= Task objective =
Please print all of the records shown below, exactly as given.

= Entries supplied =
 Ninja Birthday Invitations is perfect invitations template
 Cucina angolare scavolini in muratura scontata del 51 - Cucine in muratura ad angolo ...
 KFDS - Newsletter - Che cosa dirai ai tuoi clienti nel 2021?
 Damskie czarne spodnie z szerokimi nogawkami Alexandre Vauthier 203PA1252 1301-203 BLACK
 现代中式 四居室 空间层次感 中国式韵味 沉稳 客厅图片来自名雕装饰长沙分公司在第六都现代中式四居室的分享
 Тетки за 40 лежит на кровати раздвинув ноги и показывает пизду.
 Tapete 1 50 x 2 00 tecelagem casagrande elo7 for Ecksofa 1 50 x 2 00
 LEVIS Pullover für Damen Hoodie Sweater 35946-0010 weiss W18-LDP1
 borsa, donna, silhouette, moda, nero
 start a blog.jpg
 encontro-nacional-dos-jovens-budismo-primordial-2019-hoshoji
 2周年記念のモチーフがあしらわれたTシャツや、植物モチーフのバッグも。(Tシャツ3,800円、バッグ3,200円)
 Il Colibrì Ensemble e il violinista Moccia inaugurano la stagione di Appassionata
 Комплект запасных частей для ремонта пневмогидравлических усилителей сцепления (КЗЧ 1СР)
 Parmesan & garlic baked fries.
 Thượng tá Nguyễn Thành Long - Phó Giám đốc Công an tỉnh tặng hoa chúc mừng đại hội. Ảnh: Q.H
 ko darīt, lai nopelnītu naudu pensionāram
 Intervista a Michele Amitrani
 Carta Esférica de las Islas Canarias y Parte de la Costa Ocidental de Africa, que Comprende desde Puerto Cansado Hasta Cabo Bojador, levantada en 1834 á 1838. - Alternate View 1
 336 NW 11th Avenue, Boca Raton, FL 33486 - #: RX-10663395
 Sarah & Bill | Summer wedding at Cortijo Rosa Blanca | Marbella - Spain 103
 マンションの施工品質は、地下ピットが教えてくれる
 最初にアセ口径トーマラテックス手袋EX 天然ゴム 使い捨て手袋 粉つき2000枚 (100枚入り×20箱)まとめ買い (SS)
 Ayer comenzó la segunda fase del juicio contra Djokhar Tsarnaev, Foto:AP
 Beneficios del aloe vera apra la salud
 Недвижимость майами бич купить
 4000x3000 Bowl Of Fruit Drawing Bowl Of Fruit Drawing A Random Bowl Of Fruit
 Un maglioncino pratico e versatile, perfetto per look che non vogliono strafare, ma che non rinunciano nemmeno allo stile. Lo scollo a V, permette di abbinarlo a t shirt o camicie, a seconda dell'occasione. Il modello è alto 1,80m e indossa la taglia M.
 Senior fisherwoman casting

= Exercise response =
 Ninja Birthday Invitations is perfect invitations template
 Cucina angolare scavolini in muratura scontata del 51 - Cucine in muratura ad angolo ...
 KFDS - Newsletter - Che cosa dirai ai tuoi clienti nel 2021?
 Damskie czarne spodnie z szerokimi nogawkami Alexandre Vauthier 203PA1252 1301-203 BLACK
 现代中式 四居室 空间层次感 中国式韵味 沉稳 客厅图片来自名雕装饰长沙分公司在第六都现代中式四居室的分享
 Тетки за 40 лежит на кровати раздвинув ноги и показывает пизду.
 Tapete 1 50 x 2 00 tecelagem casagrande elo7 for Ecksofa 1 50 x 2 00
 LEVIS Pullover für Damen Hoodie Sweater 35946-0010 weiss W18-LDP1
 borsa, donna, silhouette, moda, nero
 start a blog.jpg
 encontro-nacional-dos-jovens-budismo-primordial-2019-hoshoji
 2周年記念のモチーフがあしらわれたTシャツや、植物モチーフのバッグも。(Tシャツ3,800円、バッグ3,200円)
 Il Colibrì Ensemble e il violinista Moccia inaugurano la stagione di Appassionata
 Комплект запасных частей для ремонта пневмогидравлических усилителей сцепления (КЗЧ 1СР)
 Parmesan & garlic baked fries.
 Thượng tá Nguyễn Thành Long - Phó Giám đốc Công an tỉnh tặng hoa chúc mừng đại hội. Ảnh: Q.H
 ko darīt, lai nopelnītu naudu pensionāram
 Intervista a Michele Amitrani
 Carta Esférica de las Islas Canarias y Parte de la Costa Ocidental de Africa, que Comprende desde Puerto Cansado Hasta Cabo Bojador, levantada en 1834 á 1838. - Alternate View 1
 336 NW 11th Avenue, Boca Raton, FL 33486 - #: RX-10663395
 Sarah & Bill | Summer wedding at Cortijo Rosa Blanca | Marbella - Spain 103
 マンションの施工品質は、地下ピットが教えてくれる
 最初にアセ口径トーマラテックス手袋EX 天然ゴム 使い捨て手袋 粉つき2000枚 (100枚入り×20箱)まとめ買い (SS)
 Ayer comenzó la segunda fase del juicio contra Djokhar Tsarnaev, Foto:AP
 Beneficios del aloe vera apra la salud
 Недвижимость майами бич купить
 4000x3000 Bowl Of Fruit Drawing Bowl Of Fruit Drawing A Random Bowl Of Fruit
 Un maglioncino pratico e versatile, perfetto per look che non vogliono strafare, ma che non rinunciano nemmeno allo stile. Lo scollo a V, permette di abbinarlo a t shirt o camicie, a seconda dell'occasione. Il modello è alto 1,80m e indossa la taglia M.
 Senior fisherwoman casting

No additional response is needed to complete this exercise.